Ele continua explicando que, desde então, eles revisitaram regularmente a documentação e a Comunidade de Desenvolvedores da Epic para referência técnica e inspiração criativa.

“Ser um desenvolvedor indie é sobre aprender constantemente coisas novas e essa é uma das melhores partes do nosso campo de trabalho”, afirma Antti. “A Unreal Engine é um tesouro para o pequeno desenvolvedor. Se precisarmos de uma funcionalidade, é muito provável que esteja disponível e há muitos tutoriais e casos de uso disponíveis para nos guiar sobre o uso deles.”
Hero sobrevoa edifícios em 'Oceanhorn 3: Legend of the Shadow Sea'.
Imagens cortesia da Cornfox & Brothers.

Conselhos para desenvolvedores indie iniciando um projeto

 
Oceanhorn 3 é a prova do que é possível quando desenvolvedores de jogos indie podem ter acesso às mesmas ferramentas poderosas usadas pelos estúdios AAA.
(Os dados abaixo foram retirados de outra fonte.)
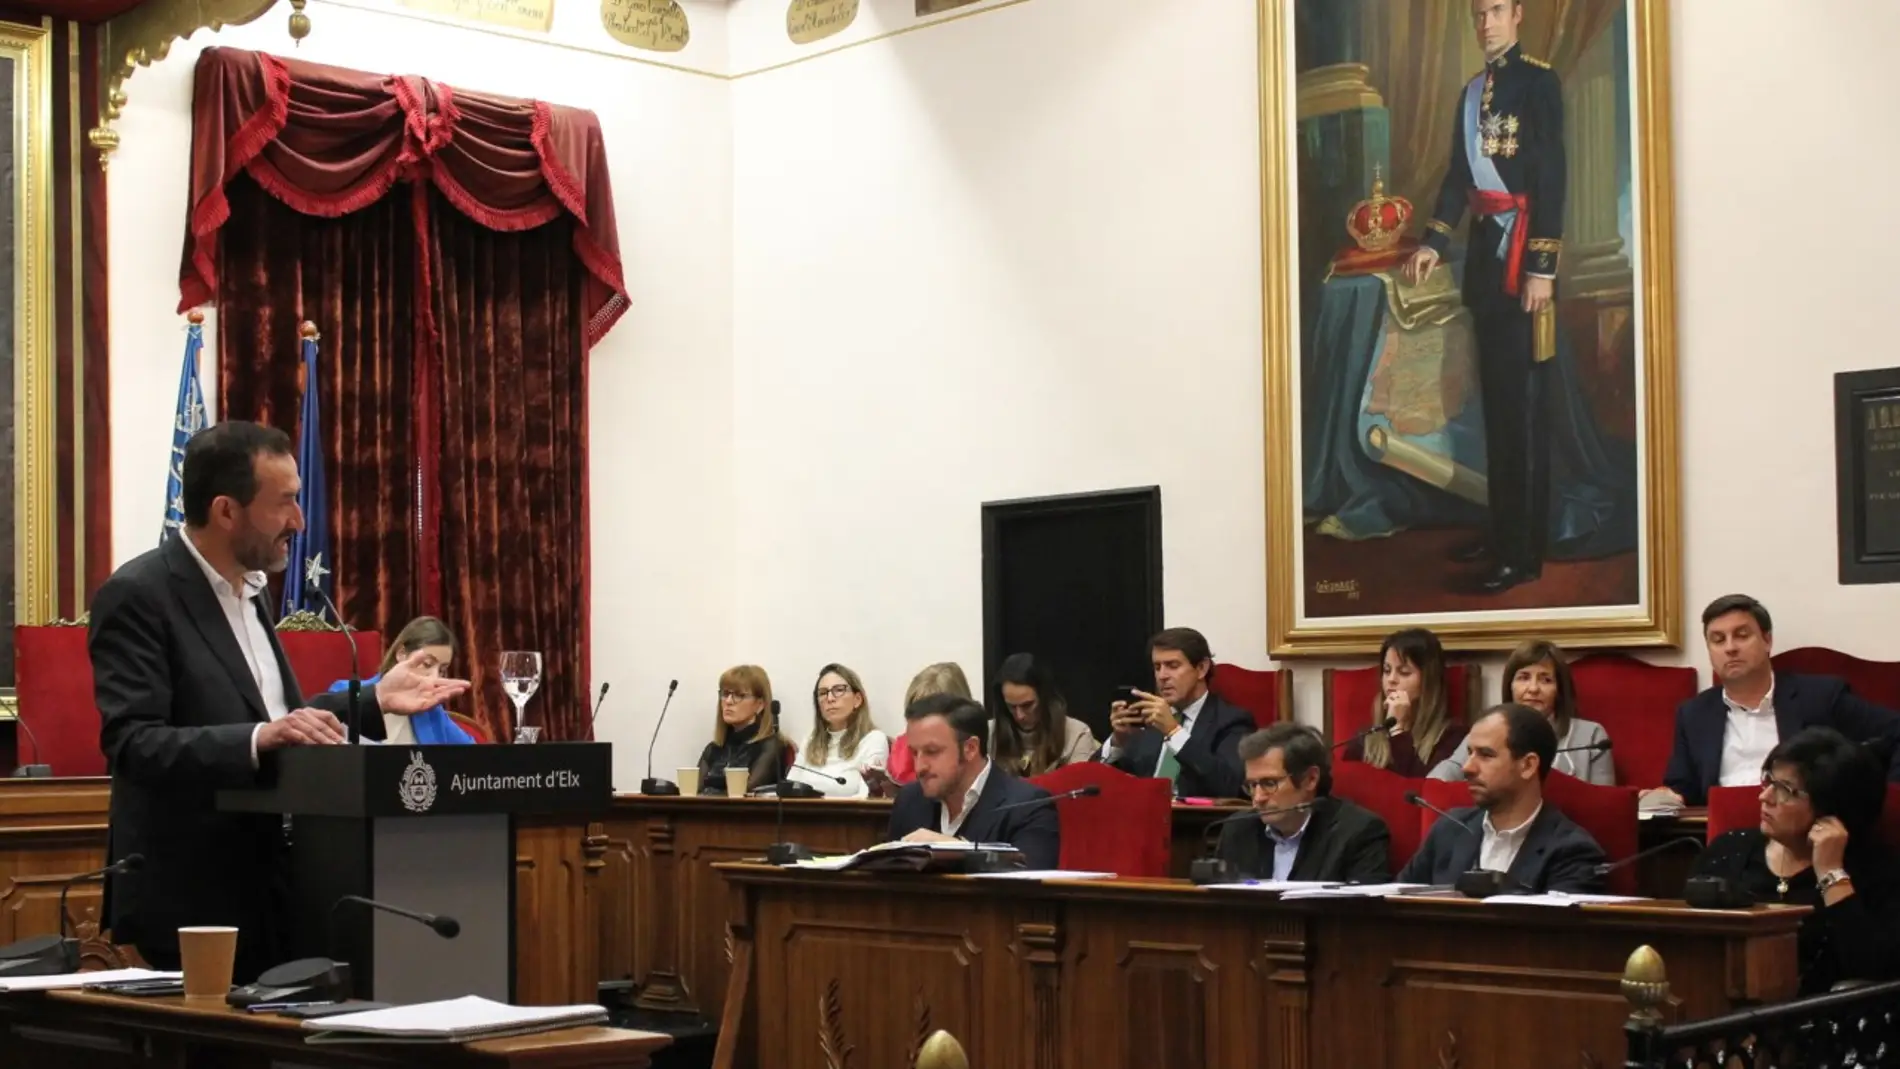 Intervención del alcalde de Elche en el Debate sobre el estado del municipio en 2019.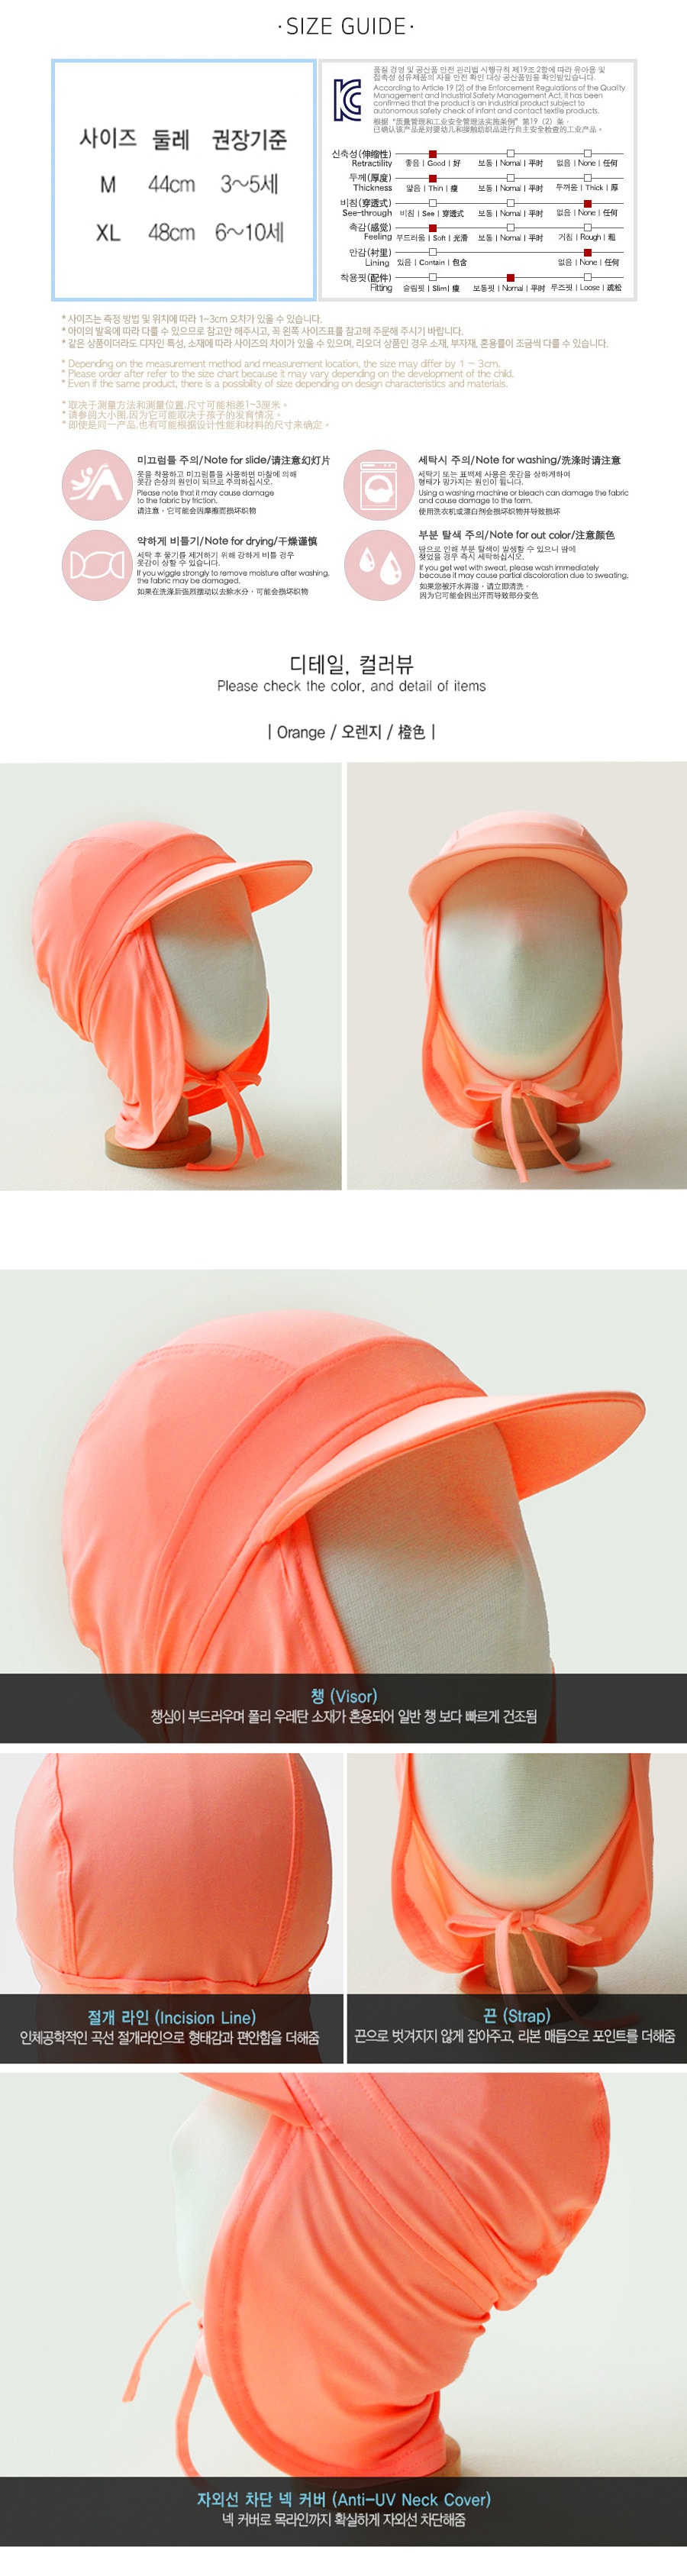 Toddler Kid Girl Flap Sun Protection Hat #Orange XL(6-10years)

O tamanho da equipe se torna irrelevante: os únicos limites do desenvolvimento são a ambição e a visão criativa. Para desenvolvedores que consideram a Unreal Engine, o conselho da Cornfox & Brothers é direto: aproveite as ferramentas disponíveis.

“Somos uma equipe pequena e provamos o que equipes pequenas podem alcançar”, conclui Heikki. “Nunca foi tão fácil entrar no desenvolvimento de jogos com as mesmas ferramentas usadas nos melhores estúdios do mundo. A Unreal Engine é gratuita para baixar—e é o conjunto de ferramentas mais completo que existe.”